Among other items on the menu, Teddy remembers “great steaks, lobsters and cherrystone clams from Long Island. We had a garden out the back, with cows and milk and eggs.

(Way before Teddy and her mother came on the scene; Bill had bootlegged booze from Canada, imported it and sold it during prohibition.)

“We were a big enough deal that we had a hostess that would be nothing but gracious during the dinner hour and arrange the badminton tournament, the tennis schedule and made sure people followed the rules and arranged the skits.

“I always remembered there was a wedding with a man as the bride and a woman as the groom. It was always hysterically funny.”

There were hunting parties in October. Teddy remembers parties in the winter, where she would wake up the next morning to find guests “laying all over the place. They had been snowed in.”

Back in its heyday, Clautice’s, like many of the local resorts, attracted top talent. The Inkspots would play and there would be a crowd of 200, with the women dressed in their finest and the men in tuxes. 

During the off-season Teddy would spend winters in St. Petersburg Florida, before making the annual trip back to the Adirondacks and finishing the school year in Schroon Lake.

Clautice's ran from the late 1930s to when they tore it down in the 1970s, when they widened route 73 and made it 74.

"Bill had eventually leased out the tavern and it got run down. There’s no trace of the resort, just woods and the Stone House.

“We kept the Stone House across from the resort and used it for the summers until 1976, when we sold it.

“I have a great feeling of pride for the place. What’s important is the building is still intact with a new owner who cares deeply for it”. 

Teddy eventually graduated from high school in St. Petersburg, Florida and went to the University of Florida, where she studied physical therapy.

She met her husband Tom at the University of Florida Medical School. They were married at our Lady of Lourdes in Schroon Lake.

Soon followed stops in Rhode Island and Michigan, where the couple raised three children, now in their late 40s and early 50s.

Next stop: Palo Alto. For more than two decades Teddy taught at Stanford Medical Center, where she developed a specialty in treating brain injured adults, especially stroke and head injury patients.

“I started teaching and ended up the last 20 years travelling the world. Hospitals would hire me, from Singapore, to Hong Kong, Switzerland, Germany and Canada, as well as every major city in the US”. Meanwhile, Tom was researching and developing drugs in humans with the FDA.

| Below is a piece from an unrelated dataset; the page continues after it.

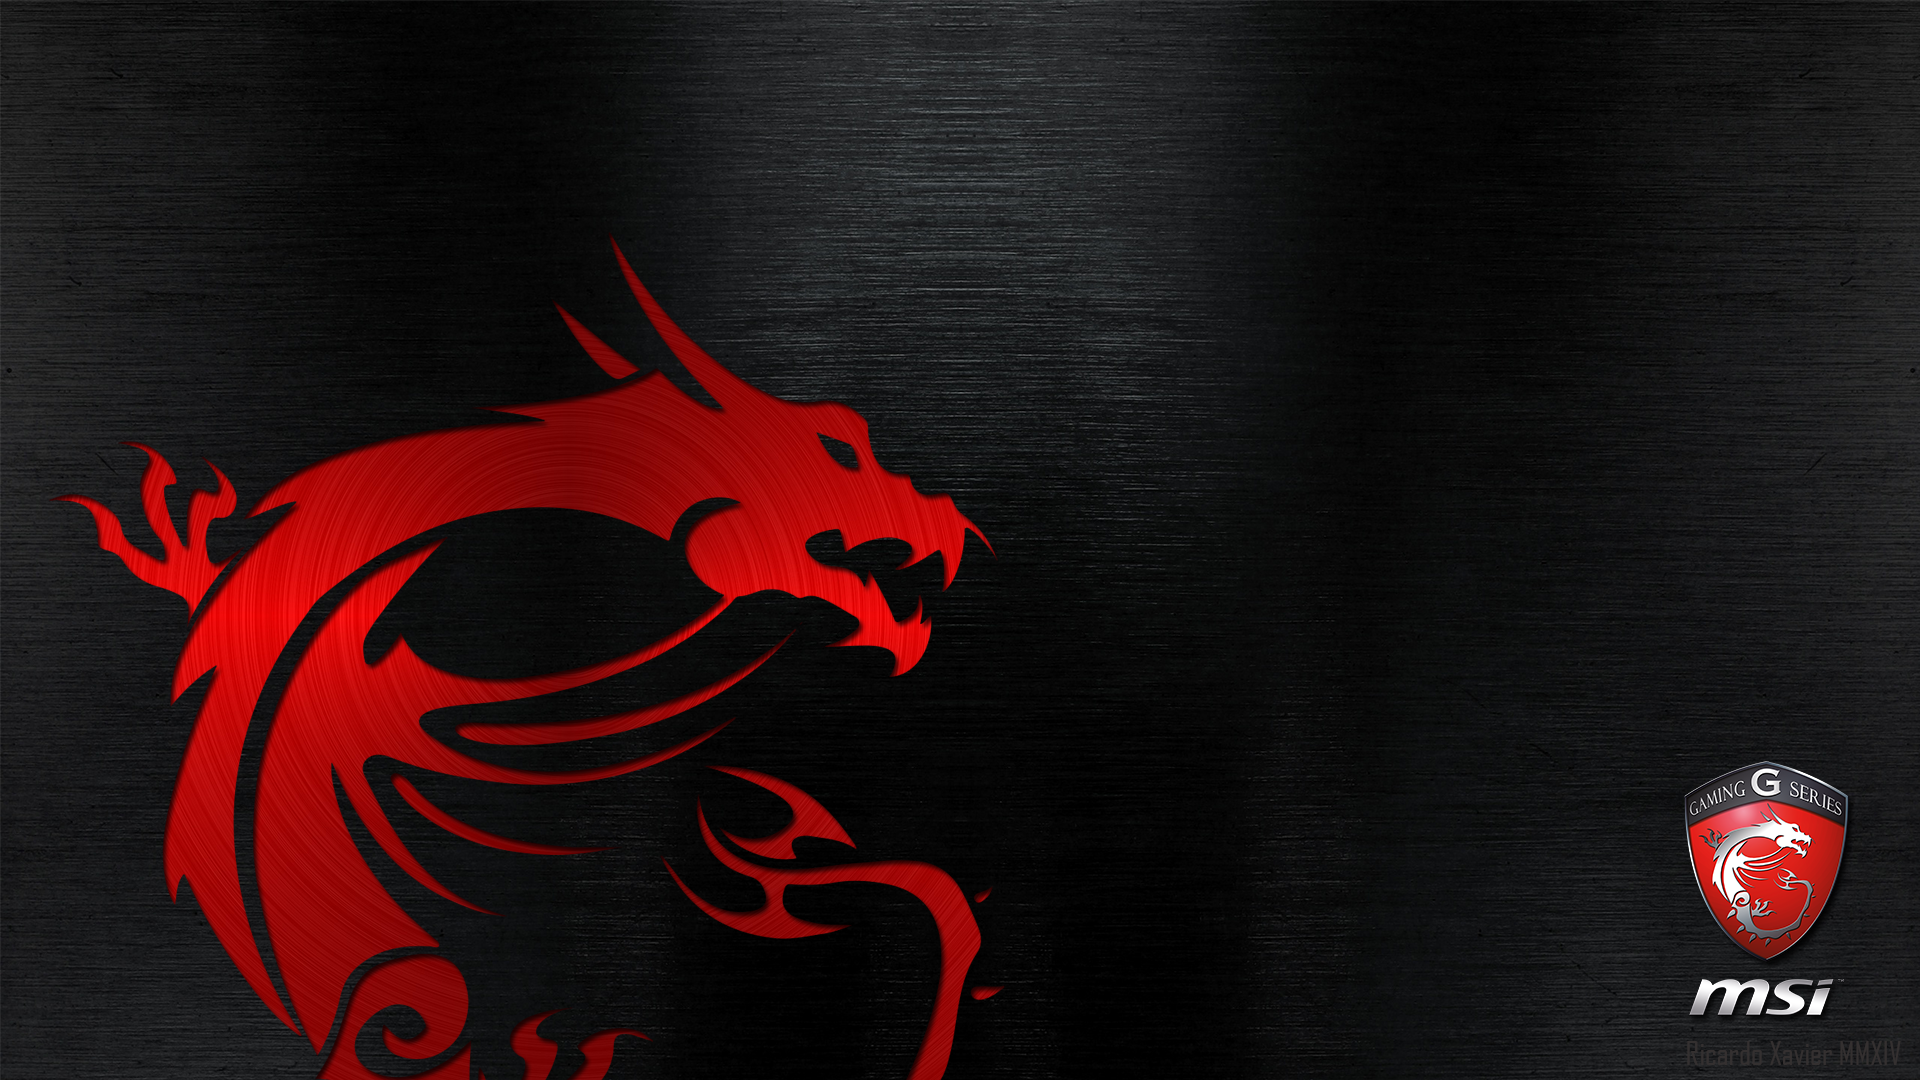 MSI Gaming Wallpaper red dragon emobossed MSI

Today, the couple lives in White Salmon Washington, a town smaller than Schroon Lake.

“It’s the Pacific Northwest version of Schroon Lake...a little bit of heaven; there are elements, a lot of elements of an Adirondack lodge in the house where we live.” 

When we caught up with Teddy, she was here with 11 family members, enjoying the simple pleasures of an Adirondack holiday. The trip was organized by her son in law, who knows how important this part of the world is to Teddy and wants all of the grandchildren to experience the raw beauty of the place, Teddy said.

“It’s the perfect place for a large group of people being together in the summer, having a great time, telling jokes, falling out of the canoe, I think it’s priceless".

Although she was vacationing on Schroon Lake, Teddy says she is a true “Paradox Laker...you can’t be both.”

“On this trip, seeing Main Street, I was in tears...every old building was there. It was like I was six again with Suzy Wood and Billy Knoxen. I recalled the winter and how Fowler Ave was our sledding Hill. I went to the school and knew every stick and stone in the back.

“It thrills my heart to come back here and see the town thriving, it looks the best it’s ever looked it’s wonderful”.

So how did Teddy’s experience spending so much time in Paradox and Schroon shape the person she is today?

“I certainly have a profound respect for nature, its power, its beauty, the lasting quality of it. When I come here I say I am returning to the holy waters of Paradox Lake and the ancient mountains. These are old mountains.”